The Bahamas Crisis Centre
- Formation: 1982
- Type: private
- Legal status: non-profit
- Purpose: aid victims of abuse
- Location: Nassau, New Providence, Bahamas;
- Founder: Dr. Sandra Dean-Patterson
- Parent organization: Psychiatric Social Work Department, Community Mental Health Centre, Lyford Cay Foundation
- Affiliations: Family Violence Unit of Health Social Services
- Website: https://www.bahamascrisiscentre.com/

= Bahamas Crisis Centre =

Bahamian domestic abuse aid organization

The Bahamas Crisis Centre is a private, non-profit organization located in Nassau, New Providence, Bahamas that is dedicated to treating victims of physical, sexual, and emotional abuse.

==History==
The Bahamas Crisis Centre was founded by Dr. Sandra Dean-Patterson in 1982 with the assistance of several people. It was originally called the Women's Crisis Centre and was initially created to address the increasing need to provide intervention and preventative treatment and advocacy to women and children who were victims of domestic and/or sexual violence. The Centre has grown to address issues affecting men and victims of physical, sexual and emotional abuse in any form. It is maintained through the contributions of volunteers and a paid administrator.

The Women's Crisis Centre was co-sponsored by the Psychiatric Social Work Department and the Community Mental Health Centre and was given a single room in the Community Mental Health Centre, Knowles House adjacent to Princess Margaret Hospital in 1982. In this facility, clients had the opportunity to attend afternoon sessions twice a week and an evening clinic once a week. The free services provided both then and now include marital therapy, family therapy, walk-in crisis counseling, support groups and legal advice

After the Centre initially opened on a six-month trial period, the project was permanently extended, and, in 1988, the Lyford Cay Foundation donated funds to provide extra office space at the Knowles House, office supplies and educational materials.

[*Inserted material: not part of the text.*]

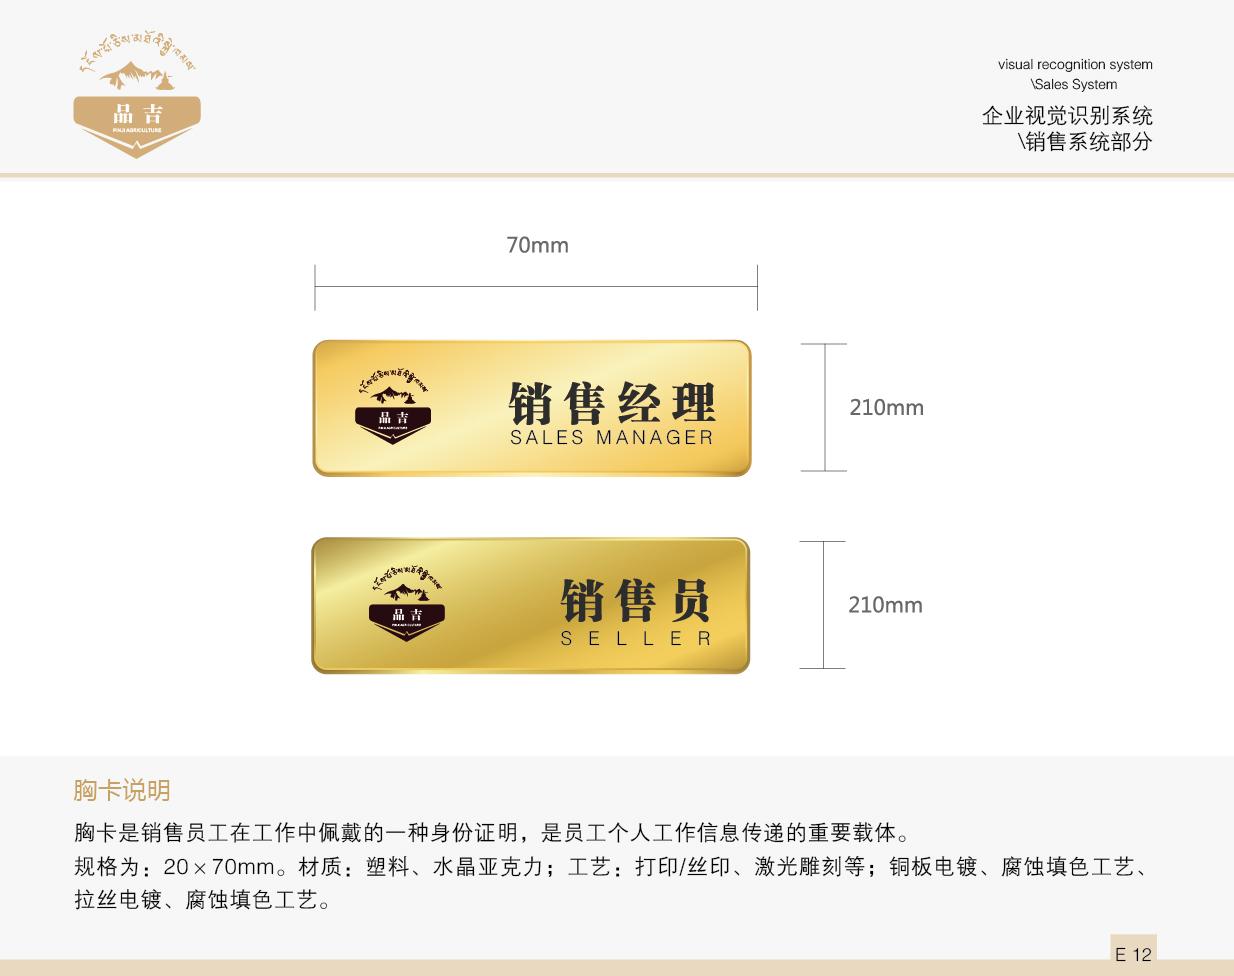 品吉农业VI 销售系统部分  客户资料  第13张
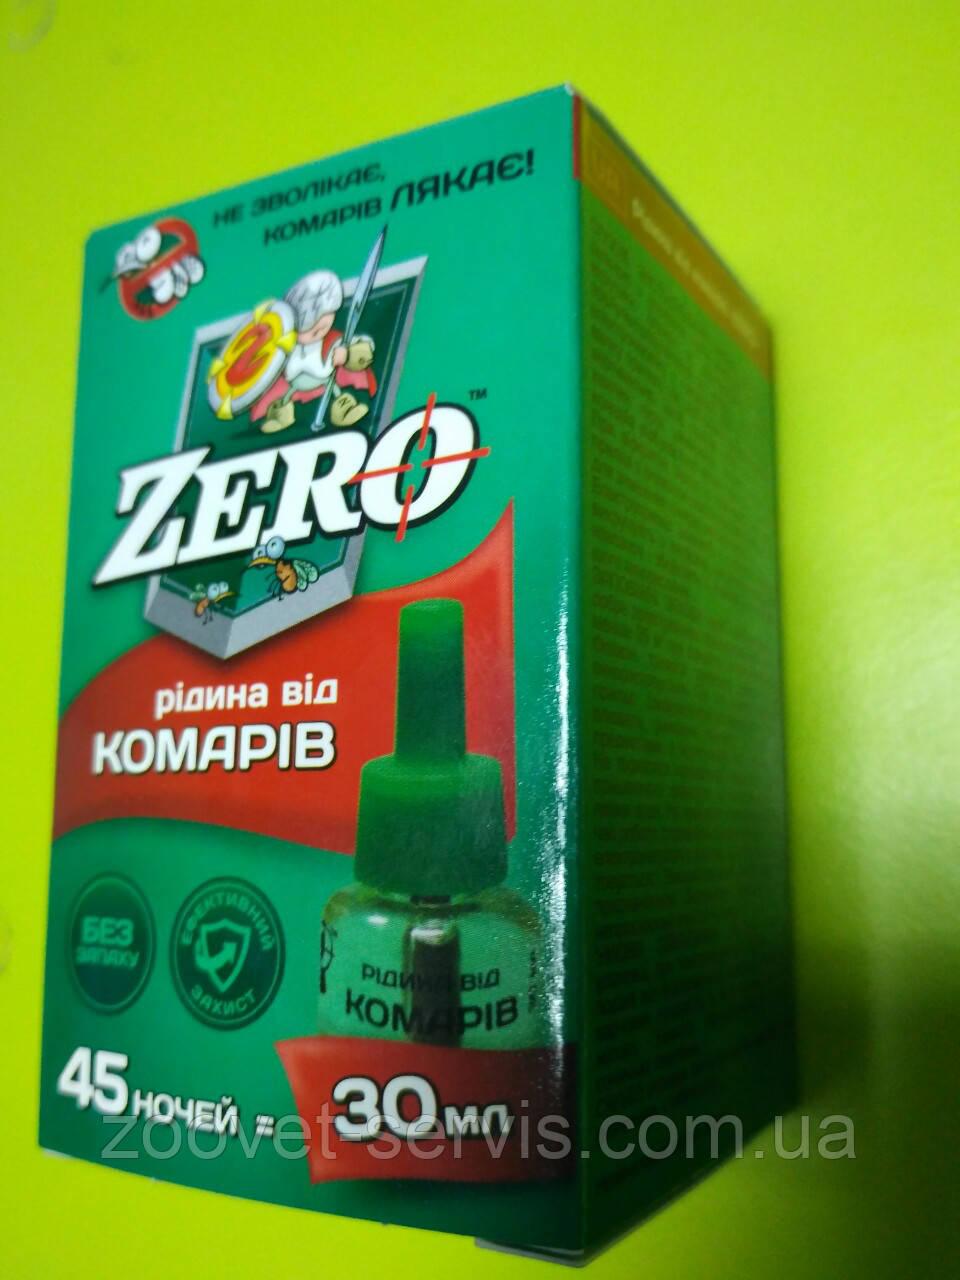 Жидкость для защиты от комаров на 45 ночей ZERO (Беларусь)

In 1995, at the behest of the volunteers, the Women's Crisis Centre officially changed its name to the Crisis Centre. This was done to reflect the need to include men in the process of eliminating violence against women and children. It also acknowledged the fact that both men and boys were coming to the Crisis Centre either as victims of domestic and/or sexual violence or as aggressors with the desire to end their abusive behavior. The name change also initiated a change in the overall focus of the Crisis Centre. Volunteers began directing part of their attention towards preventative strategies, with the hope of addressing violence in the youthful population so that there are less cases of violence in adults.

==Volunteers==

The Crisis Centre is primarily run through the efforts of volunteers. The first members of the Centre were social workers, psychiatrists and counselors who offered their services through the Crisis Centre on a voluntary basis. As the Centre became further established, the number of persons wanting to volunteer increased and it became necessary to train these volunteers to handle the specific, sensitive issues of rape survival, domestic violence survival, child abuse, depression, STDs, etc. A volunteer training program was implemented, and as of 2002 the Crisis Centre has trained over 500 volunteers.

The volunteers run a 24-hour crisis hotline, rape advocacy, court watch, educational outreach programs, and Crisis Centre Month. The volunteers meet once a month to achieve these goals.

==Legislation==

Due to the awareness raising efforts of the Women's Crisis Centre, key pieces of legislature were passed that give women and children more legal rights and power with regards to abusive situations. The first legislation passed was the Domestic Violence and Sexual Offenders Act of 1991. This act included a much broader definition of rape and was not excluded to the previous definition which was vaginal penetration by a penis. It also mandated family members, guardians, nurses, doctors, teachers, and employers to report cases of suspected molestation and other forms of sexual violence for minors. The complete Act can be found here

The second legislation, which passed quite easily due to the efforts of the Crisis Centre, was the Child Protection Act of 2006. This Act outlines the rights of children and the penalties for those who break these rights. For more details look here

The most recent act, the Domestic Violence (Protection Orders) Act of March 2007, includes teenagers and adults in common-law marriages and in visiting relationships under the Domestic Violence and Sexual Offenders Act of 1991.

The Crisis Centre has also impacted other institutions in the Bahamas, such as the use of rape kits in the local hospitals, two-way mirrors in the police stations, video recordings of case hearings for sexually abused children in court, and the establishment of a sexual assault room at the Princess Margaret Hospital.

==Recognitions==

The Crisis Centre has been acknowledged by several organizations for its effort to help women, men, and children in violent and/or abusive situations. In 1994, the Ministry of Housing and Social Services recognized the work of the Centre and added it to their list of charities. In 1997, the Crisis Centre was recognized as a model of excellence in Women's Health Care by the Commonwealth Health Secretariat. In 1998, the Crisis Centre was granted consultative status at the United Nations. It was the first Bahamian organization to be accredited such a position.